Na prática, suas medidas criam inúmeras barreiras para novos avanços. Aquilo que se vê é o que parece um ganho imediato por todos os privilegiados com a imposição estatal. Aquilo que não se vê é o elevado custo dos entraves ao progresso. Sem falar do prejuízo para os que pagam a conta, muitas vezes sem tomar conhecimento. O caso do airbag obrigatório é um bom exemplo disso. O governo resolve que o item é fundamental e, portanto, decide impor sua presença em todos os veículos, inclusive carros populares. Como riqueza não cai do céu, o preço desses carros terá que subir. Se alguém antes podia ter um carro, mesmo que sem o airbag, agora ele pode não ter mais condições de comprá-lo. Vai acabar a pé, graças à maravilhosa intenção do deputado. O que é melhor: ter um carro sem airbag ou não ter carro algum e depender do transporte público nacional? O que é mais seguro? Quem deve decidir isso?
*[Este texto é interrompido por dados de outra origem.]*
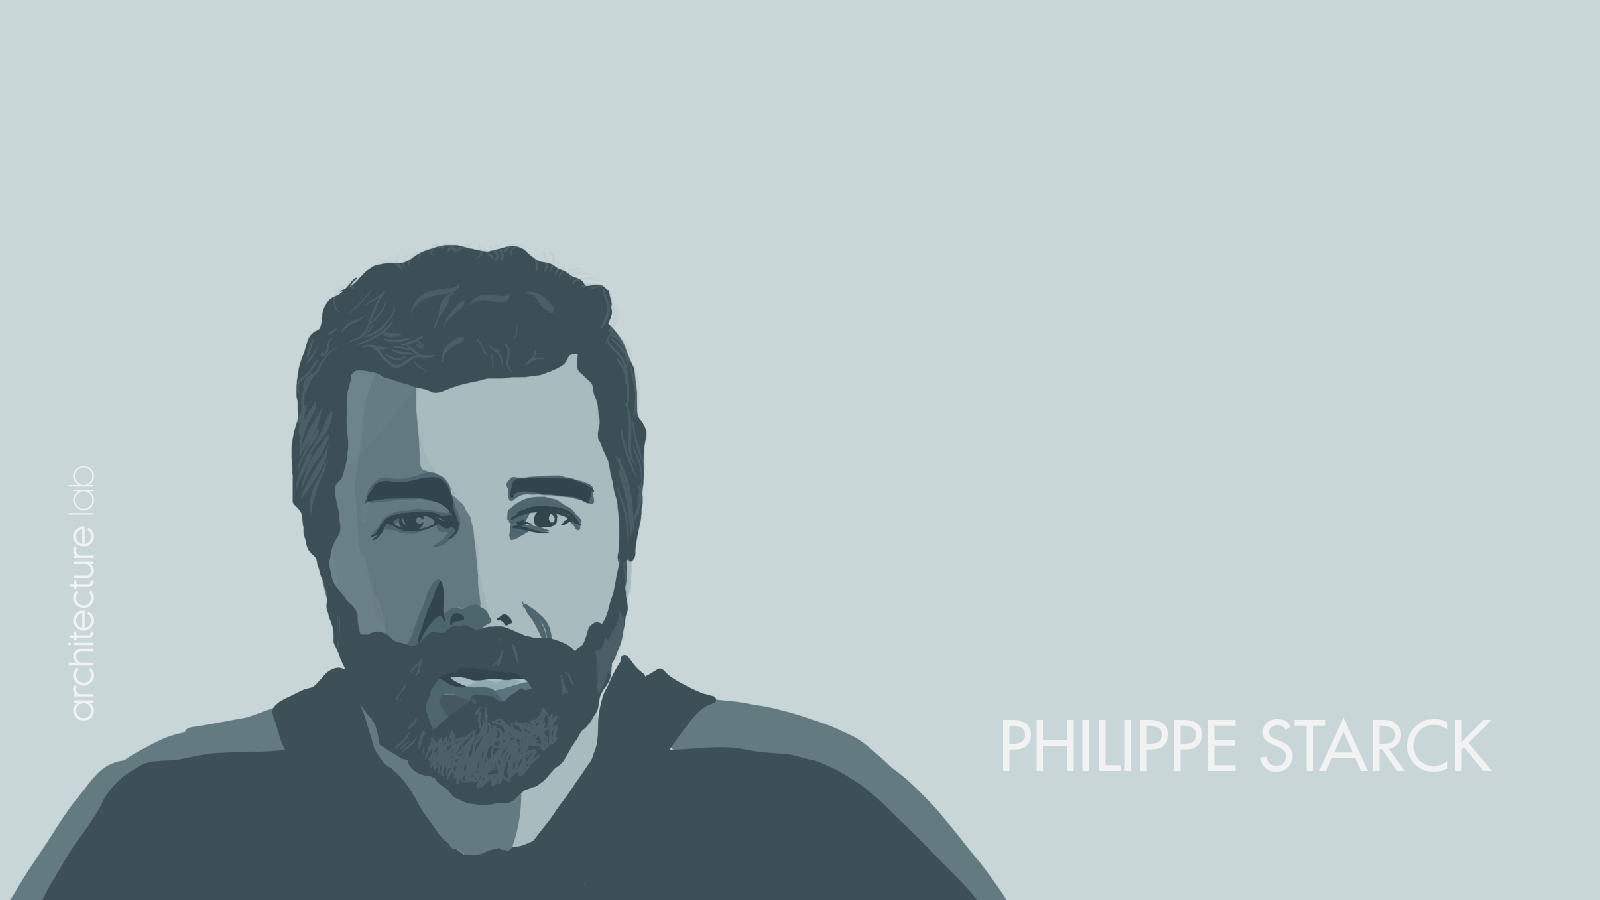 Philippe starck: biography, works, awards

Segundo dados da Câmara dos Deputados, o deputado Sandro Matos, autor do projeto de lei, foi Sócio-Proprietário da Sapataria Pinóquio em 1987, e Sócio-Proprietário da Sapataria Coelho da Rocha em 1992. Será que o deputado acha que os demais deputados sabem melhor do que ele, como empresário, o que deve ser produzido para atender a demanda por calçados dos seus consumidores? Será que deveria ser uma tarefa do governo decidir qual tipo de sola os sapatos devem ter, de acordo com critérios arbitrários de segurança? Será que tamanha tutela estatal é realmente necessária? Se uma empresa que fabrica sapatos na Itália desenvolver um novo tipo de produto mais seguro para os pés, mas que custa bem mais caro, será que o governo deve impor o uso deste novo material a todos os fabricantes nacionais?
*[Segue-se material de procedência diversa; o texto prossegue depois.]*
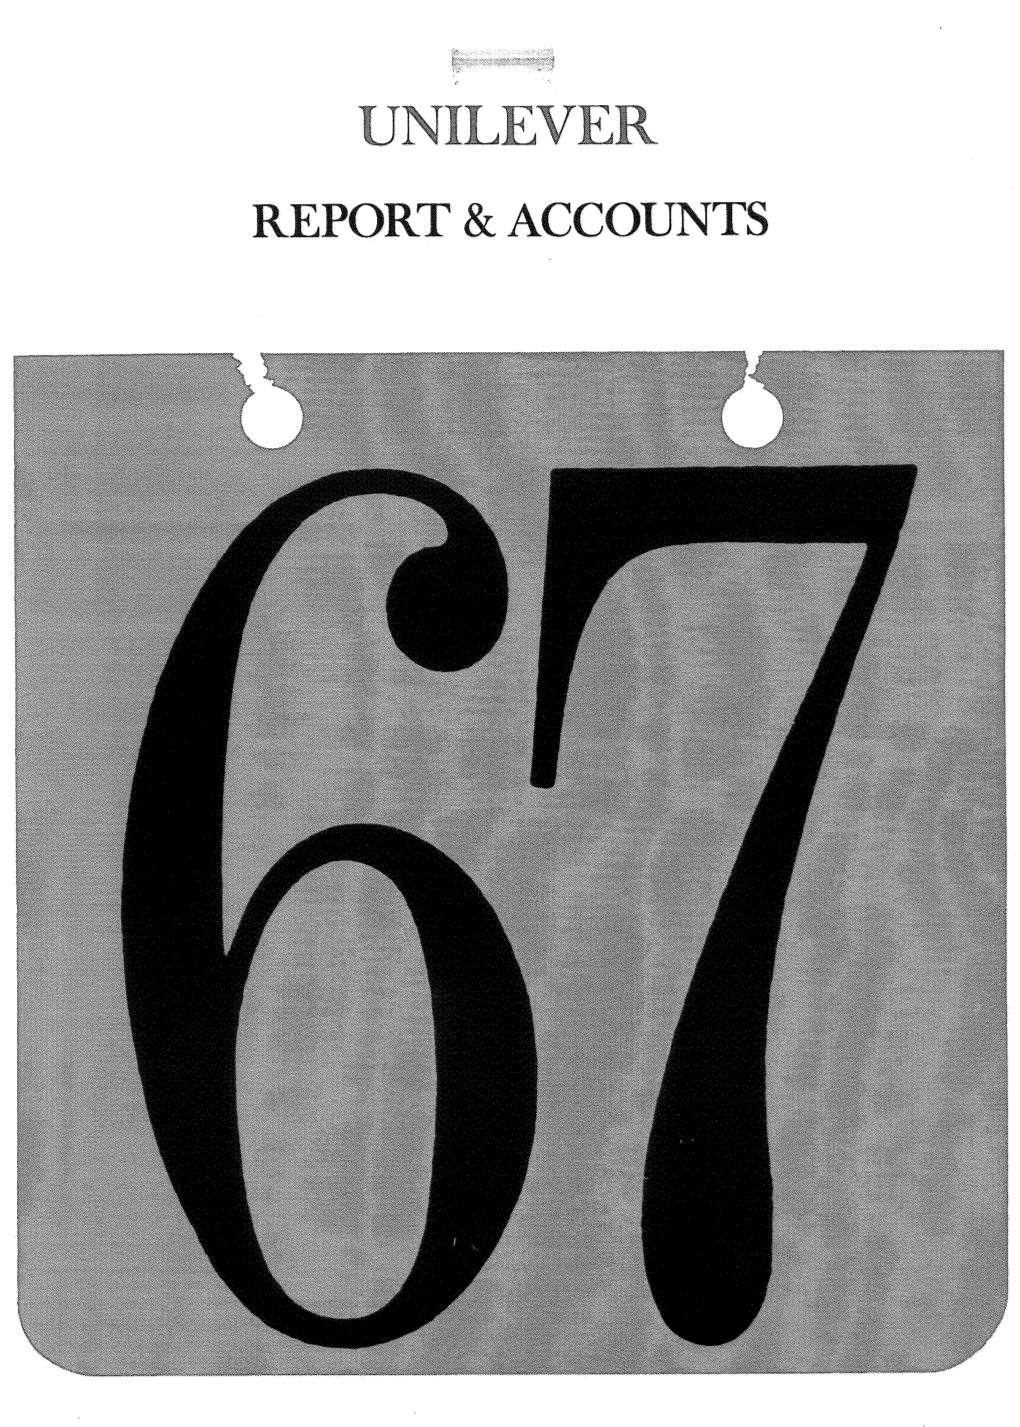 1967 Annual Report and Accounts

O consumidor acaba sempre sendo tratado como um mentecapto incapaz de escolher por conta própria. Ora, alguém realmente acha que a existência do freio num carro é resultado da obrigação legal, caso contrário carros seriam vendidos sem freio por aí? Claro que não! O freio é indispensável, e nenhum consumidor iria escolher um carro sem freio. Pode escolher sem o ABS, isso sim. Mas nunca sem freio algum. O mesmo já não é verdade para o airbag, que pode ser bastante útil, mas depende da escolha e aversão a risco do consumidor. O airbag representa um avanço na questão da segurança, não resta dúvida. Mas seus benefícios devem ser comparados aos seus custos, e a decisão caberá a cada indivíduo, de acordo com suas próprias preferências. O governo não deve se meter nisso. Não cabe ao governo nos proteger de nós mesmos! Devemos ser livres inclusive para correr riscos mortais.
Quem discorda disso, não deveria ficar limitado ao airbag então. Afinal, se a meta é apenas garantir maior segurança aos motoristas, independente dos custos e efeitos práticos disso, há muito mais o que pode ser imposto pelo governo. Sabemos que o Rio, cidade do deputado Sandro Matos, é um local muito violento. Algumas pessoas perdem a vida por causa de balas perdidas ou assaltos no trânsito. Se é para prometer maravilhas e ignorar os custos disso, vamos logo defender, em nome da “igualdade”, carros populares blindados para todos!